■ Your task
Once the pictures are set aside, transcribe the remaining data exactly.

■ Data below
----

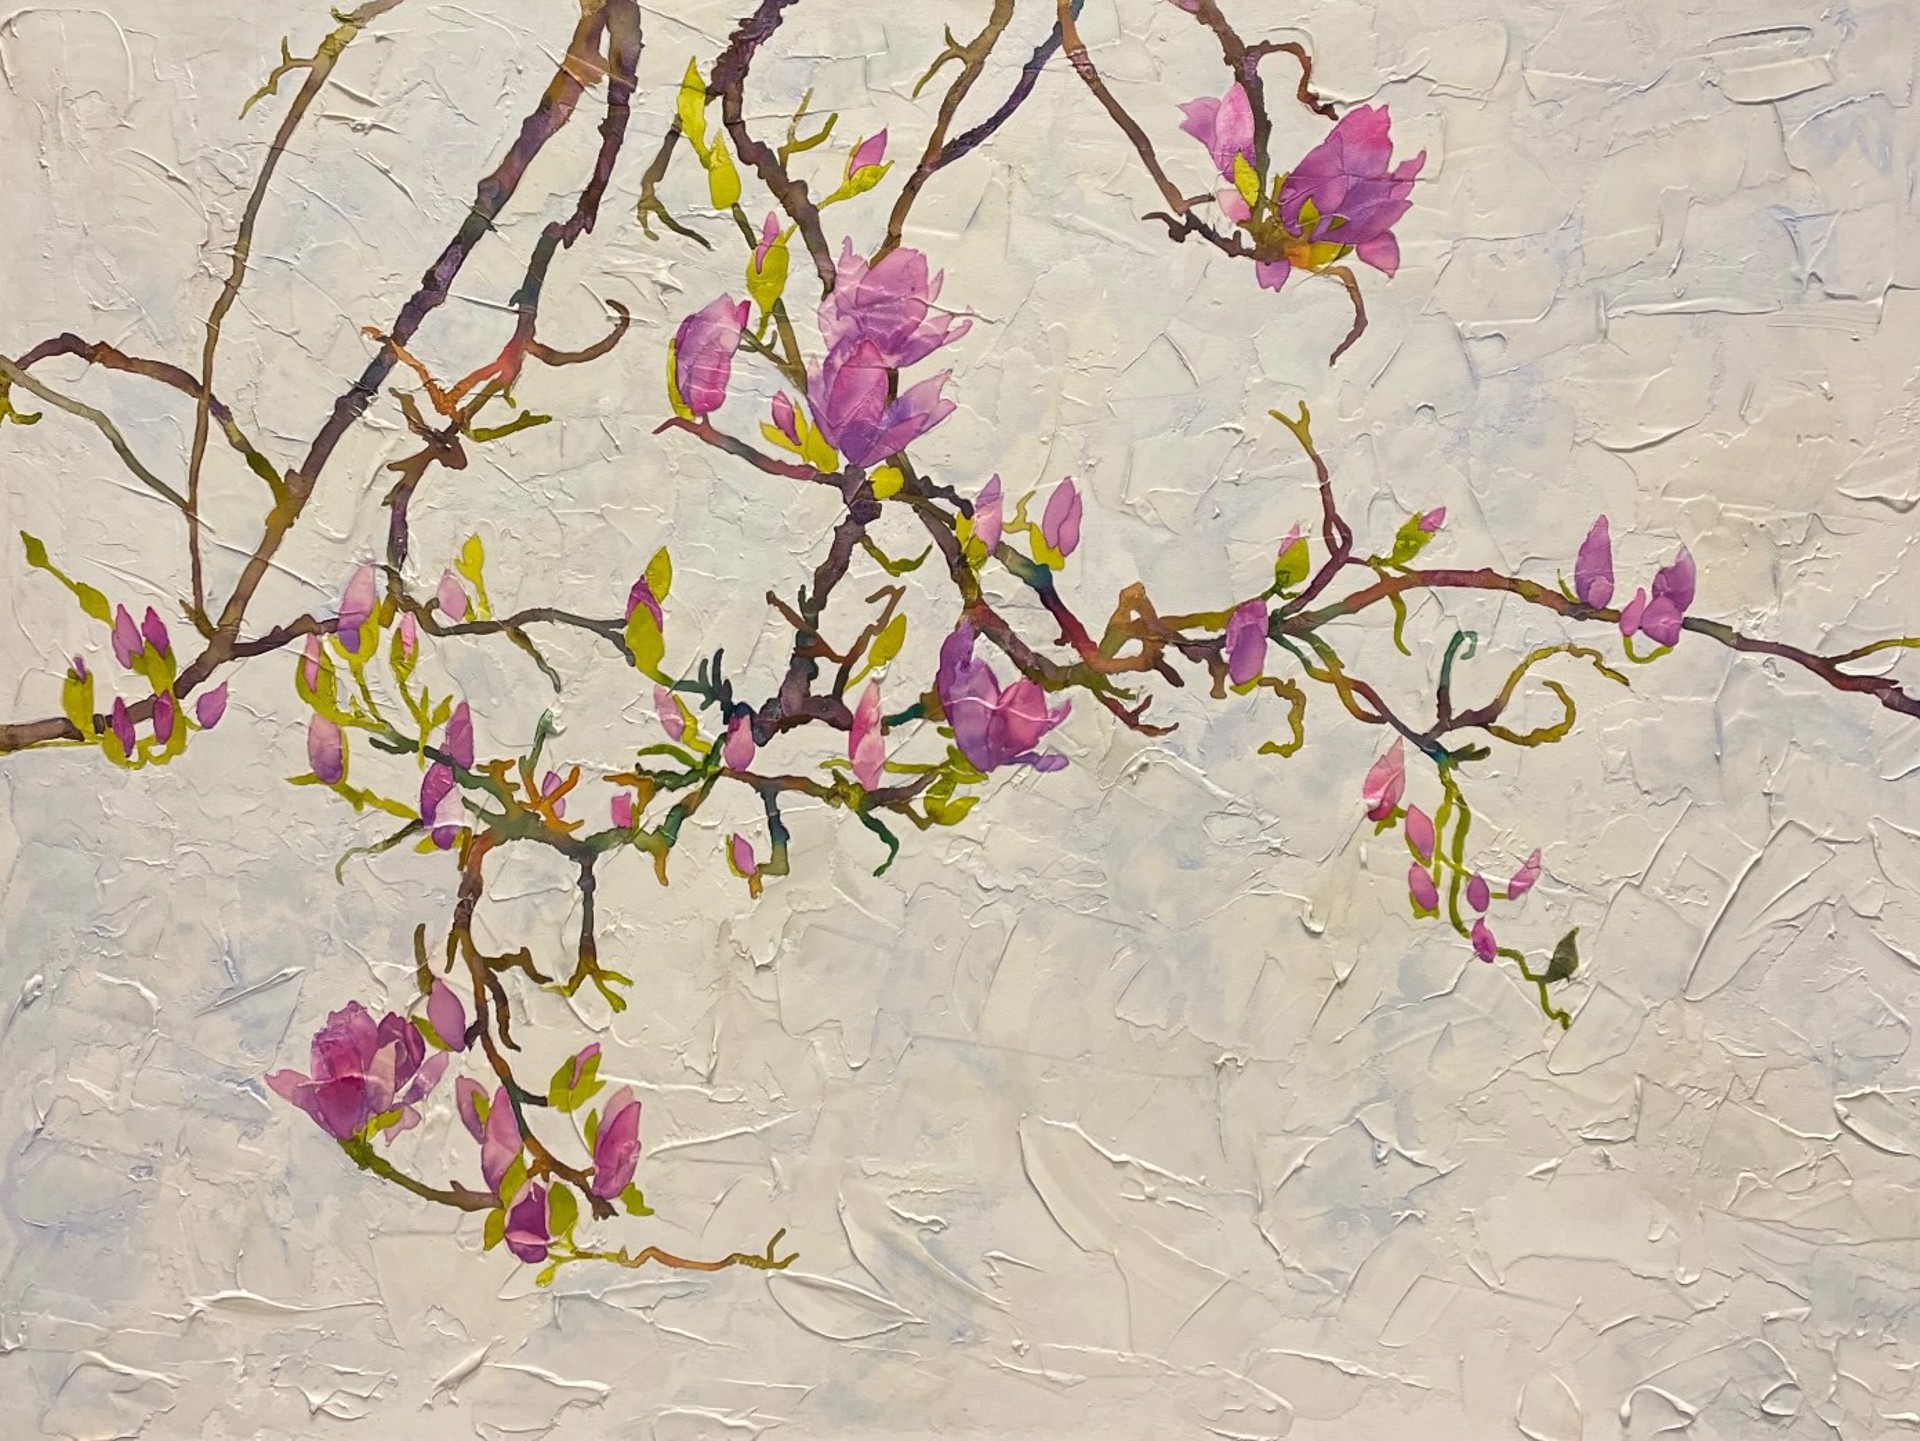 Japanese Magnolias by Bob Ichter
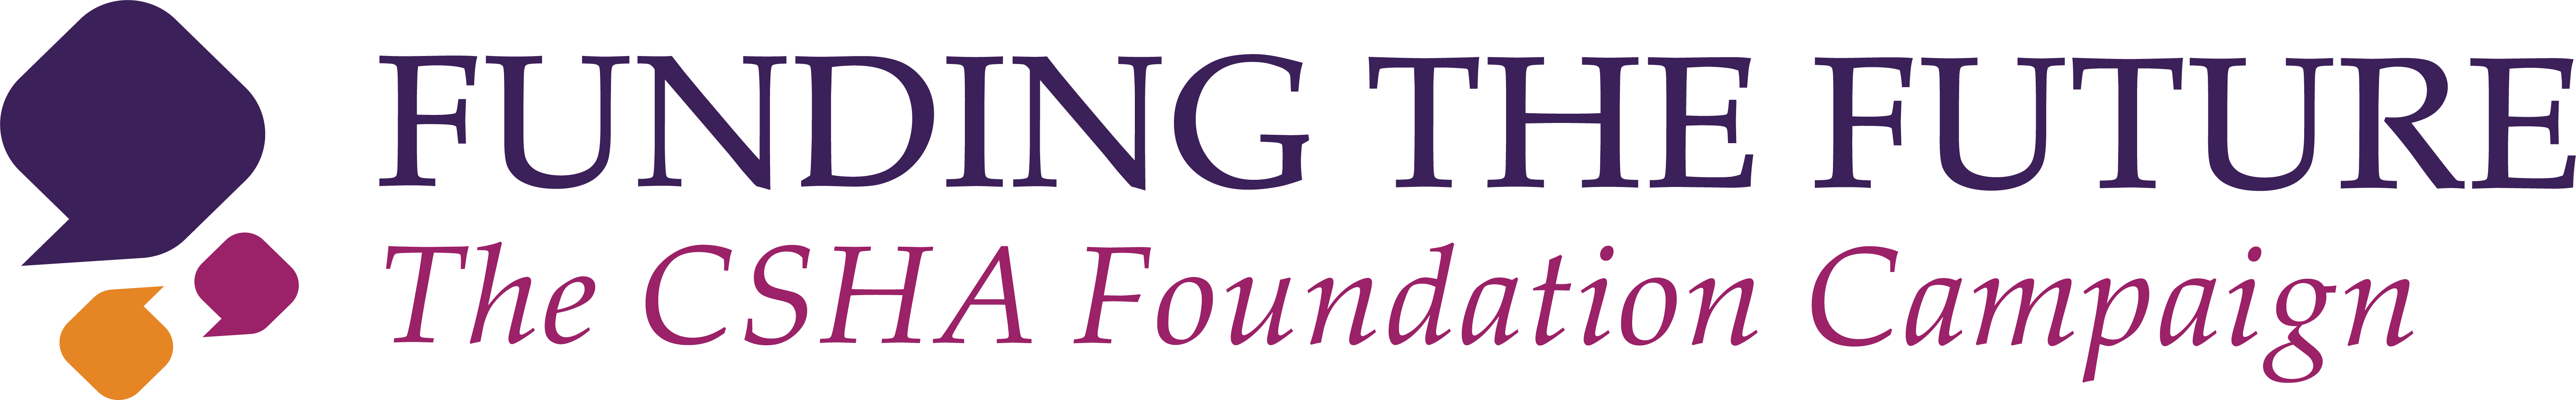 Funding the Future Campaign Logo
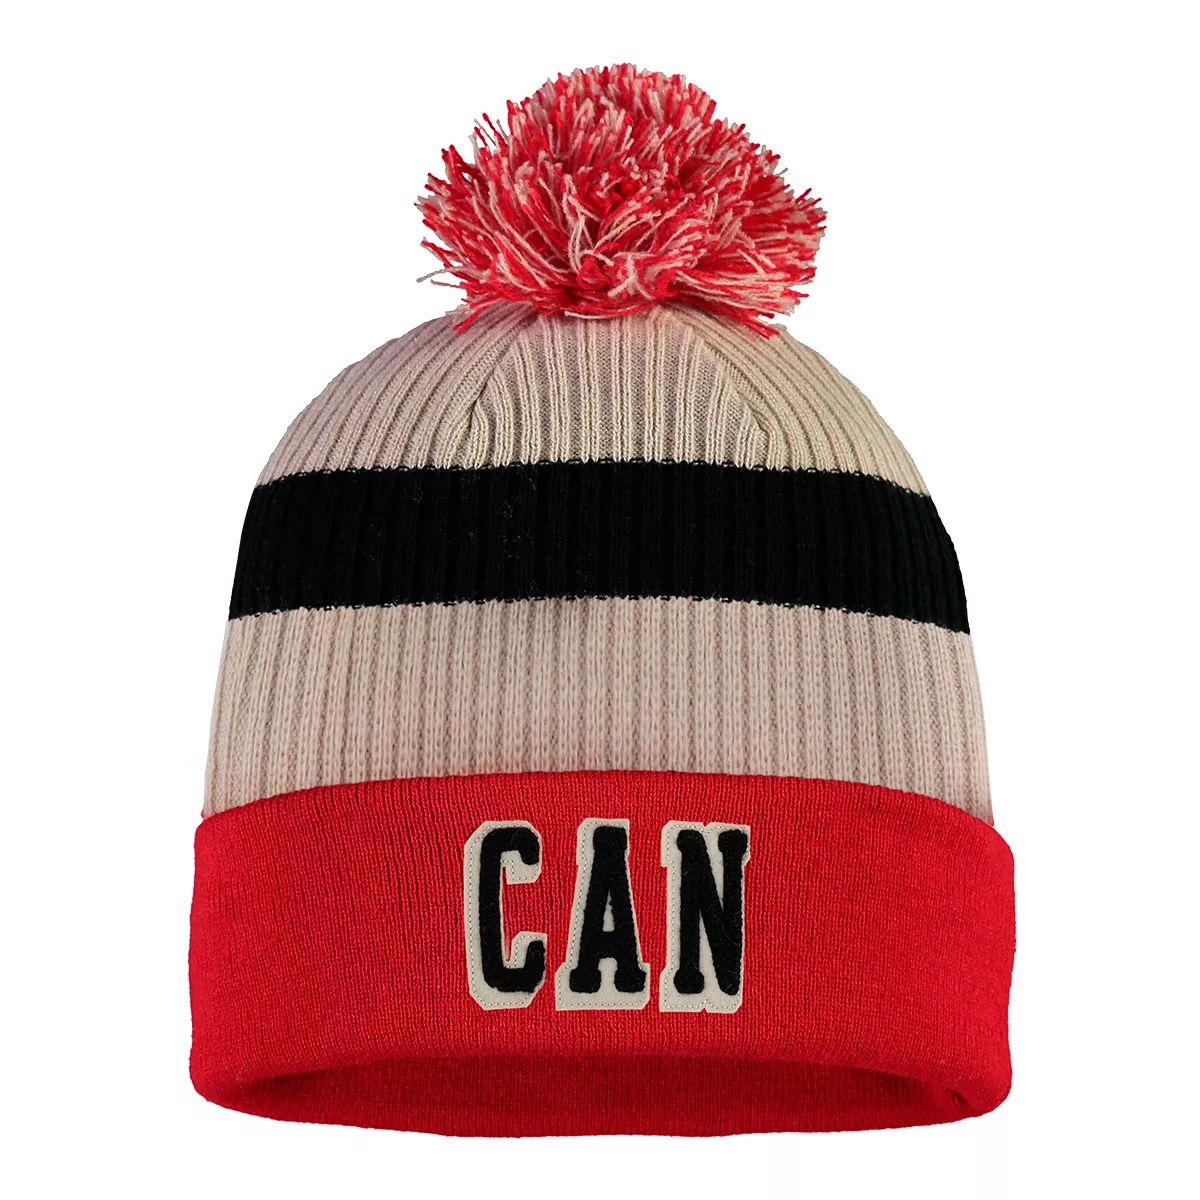 NIKE Team Canada Nike Dri-FIT Wool Adjustable Hat Iihf Hockey

----

■ Answer to the exercise
 Japanese Magnolias by Bob Ichter
 Funding the Future Campaign Logo
 NIKE Team Canada Nike Dri-FIT Wool Adjustable Hat Iihf Hockey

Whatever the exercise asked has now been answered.